Unerwünschte Erfahrungen im frühen Leben können die Reifung der neuronalen Struktur stören und später im Leben zu einer fehlerhaften synaptischen Plastizität und kognitiven Funktion führen [1,2,3, 58]. Durch die Verwendung eines gut etablierten Tiermodells für ELA [7, 8, 45, 47], das durch die Veränderung der Käfigumgebung während der postnatalen Tage 2 bis 9 (P2–9), einer sensiblen Entwicklungsperiode, erzeugt wird, haben wir herausgefunden, dass ELA störend wirkt beeinträchtigt die mütterliche Fürsorge und führt zu erheblichem chronischem Stress bei den Welpen [45]. Hier hielten wir gestresste Welpen bis zum jungen Erwachsenenalter am Leben und untersuchten die Auswirkungen von ELA auf PrL-Pyramidenzellen und das frontalabhängige Arbeitsgedächtnis.
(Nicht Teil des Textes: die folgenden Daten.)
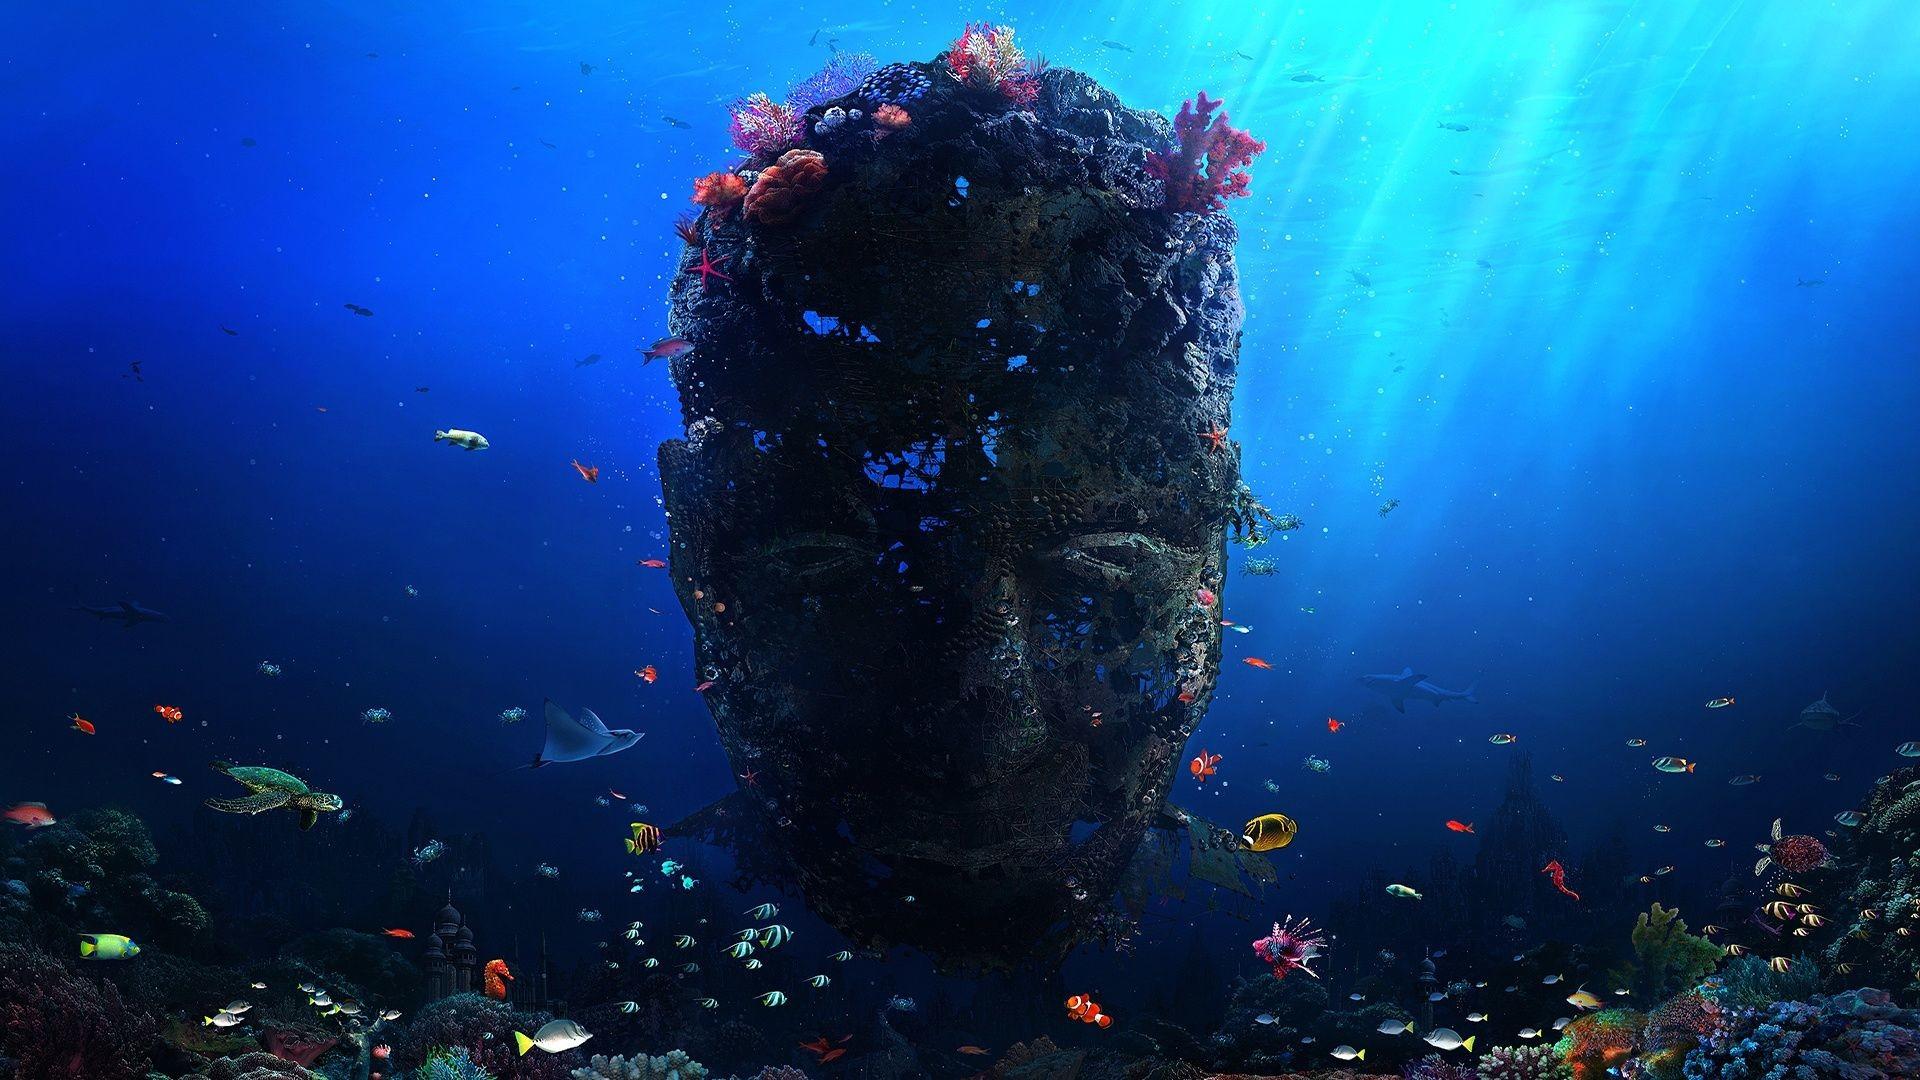 Coral Reef Wallpaper – HD Wallpapers · wapelper.com

Wir fanden heraus, dass ungünstige Erfahrungen bei P2–9 dauerhafte schädliche Auswirkungen auf die dendritischen Stacheln und postsynaptischen Ströme im PrL haben. Der durch ELA verursachte Verlust von Stacheln trat an selektiven dendritischen Segmenten der PrL-Pyramidenzellen in den Schichten II-III und V-VI auf und korrelierte mit einer Beeinträchtigung des räumlichen Arbeitsgedächtnisses bei ELA-Mäusen. Weniger synaptische PSD-95-ir-Punkte bei ELA-Mäusen zeigten außerdem den Zusammenhang zwischen postsynaptischen Kontakten und dem Arbeitsgedächtnis. Mithilfe von Thy1-transgenen Mäusen, in denen eine Gruppe von PrL-Pyramidenzellen YFP exprimiert, haben wir AMPAR- und NMDAR-vermittelte synaptische Ströme (EPSCs) gemessen und bei ELA-Mäusen eine verminderte glutamaterge Übertragung und eine verminderte Expression der GluR1- und NR1-Untereinheiten festgestellt. Darüber hinaus fanden wir heraus, dass die Aktivierung von Thy1-exprimierenden PrL-Pyramidenzellen über exzitatorische DREADDs die Gedächtnisleistung von ELA-Mäusen in einer T-Labyrinth-basierten spontanen Wechselaufgabe verbessern kann. Diese Daten legen nahe, dass die Integrität dendritischer Stacheln auf frontalen Pyramidenzellen für die Aktivierung dieser Zellen und die frontale kortexabhängige Gedächtnisfunktion von wesentlicher Bedeutung ist.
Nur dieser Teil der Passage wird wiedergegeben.